I am trying to determine if the Coleman heat pump or the dometic is the best. I have a 29bhs with ducted air. I would rather have a heatpump as the outside air seldom reaches below 30F and I get tired of schlepping propane all winter as my mother uses the coach for her winter home.....and she likes it warm.

Has anyone else done the research? The cost of either unit is comparable. I am so over the Carrier remote that I want a hard-wired thermostat if they are all so lame as the Carrier.

Bob
Santa Fe, TX


----------



## Santa Fe TX Bob (Oct 30, 2011)

I have yet to change out this unit. Does anyone have an opinion?


----------



## Joe/GA (Aug 14, 2009)

Do a search on Google for reviews on each brand. That's what I do whenever I am making a large purchase. Of course, you have to take each review with a grain of salt. I find if I read enough reviews, I can make a pretty informed decision.

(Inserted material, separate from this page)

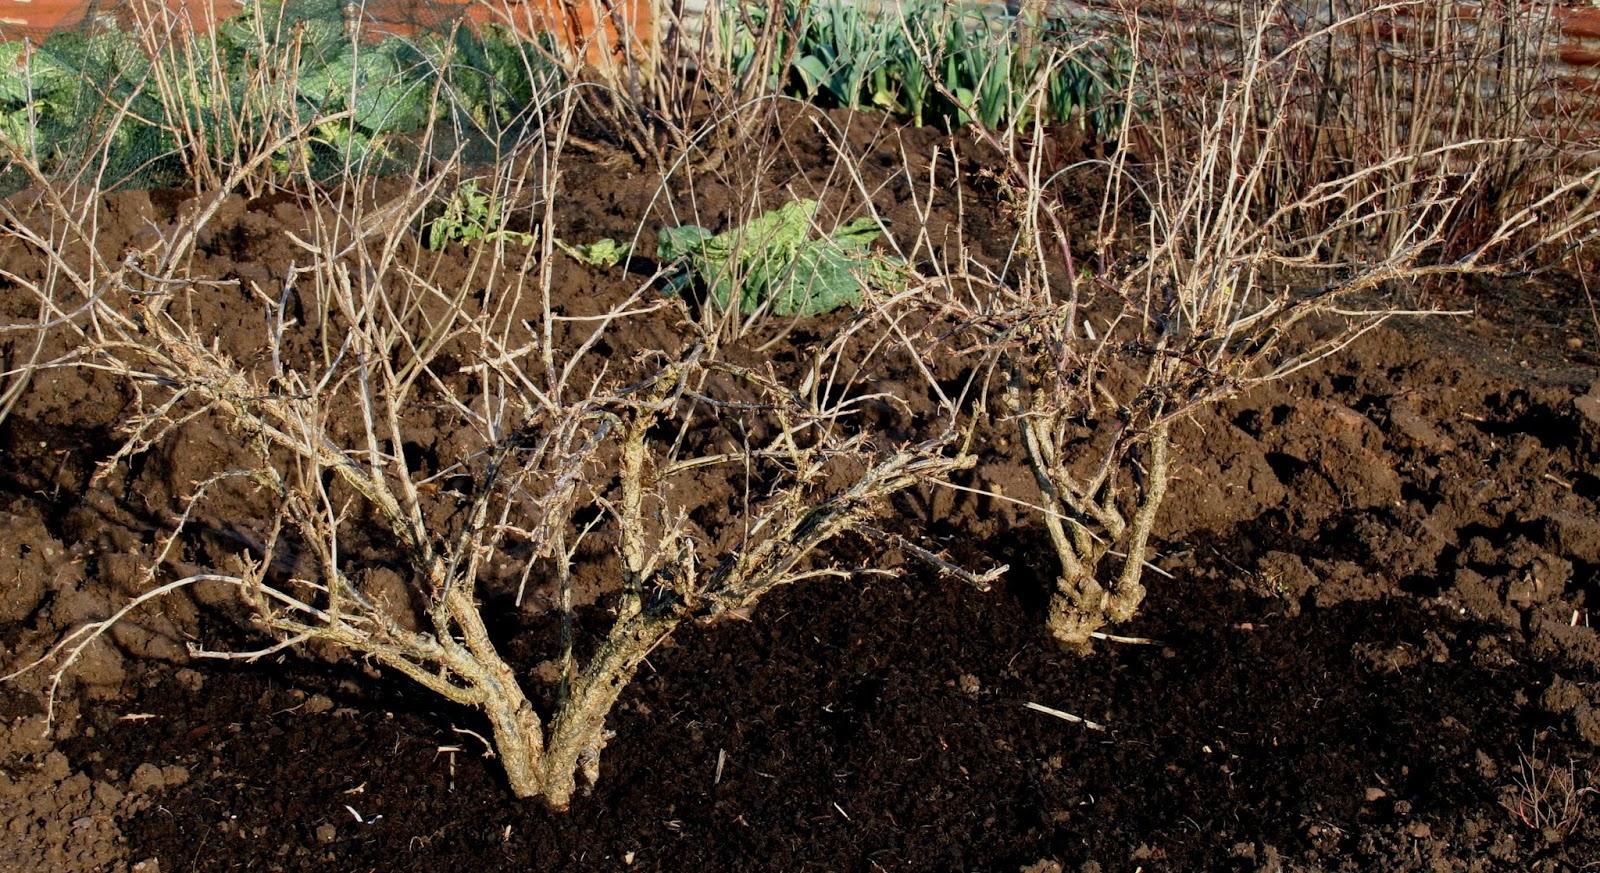 На смородине скручиваются и сохнут листья: в чем причина? что делать и чем обработать смородину, если листья скручиваются - секреты садоводов

As anal as I am, I could easily spend a week or two reviewing heatpumps before making a decision!


----------



## Santa Fe TX Bob (Oct 30, 2011)

I had hoped that some Outbackers who had changed out their unit would have real-time experience with either unit. Carrier air-v replacement is a common phenomenon as they are no longer supported by the manufacturer.


----------



## Joe/GA (Aug 14, 2009)

Check out these links:

My link

My link


----------



## Questioning (Jul 31, 2017)

I need to replace the Carrier V ducted unit. No sense in trying to do a conversion since it is so old; will just put in a whole new unit.

What did you decide to use?


----------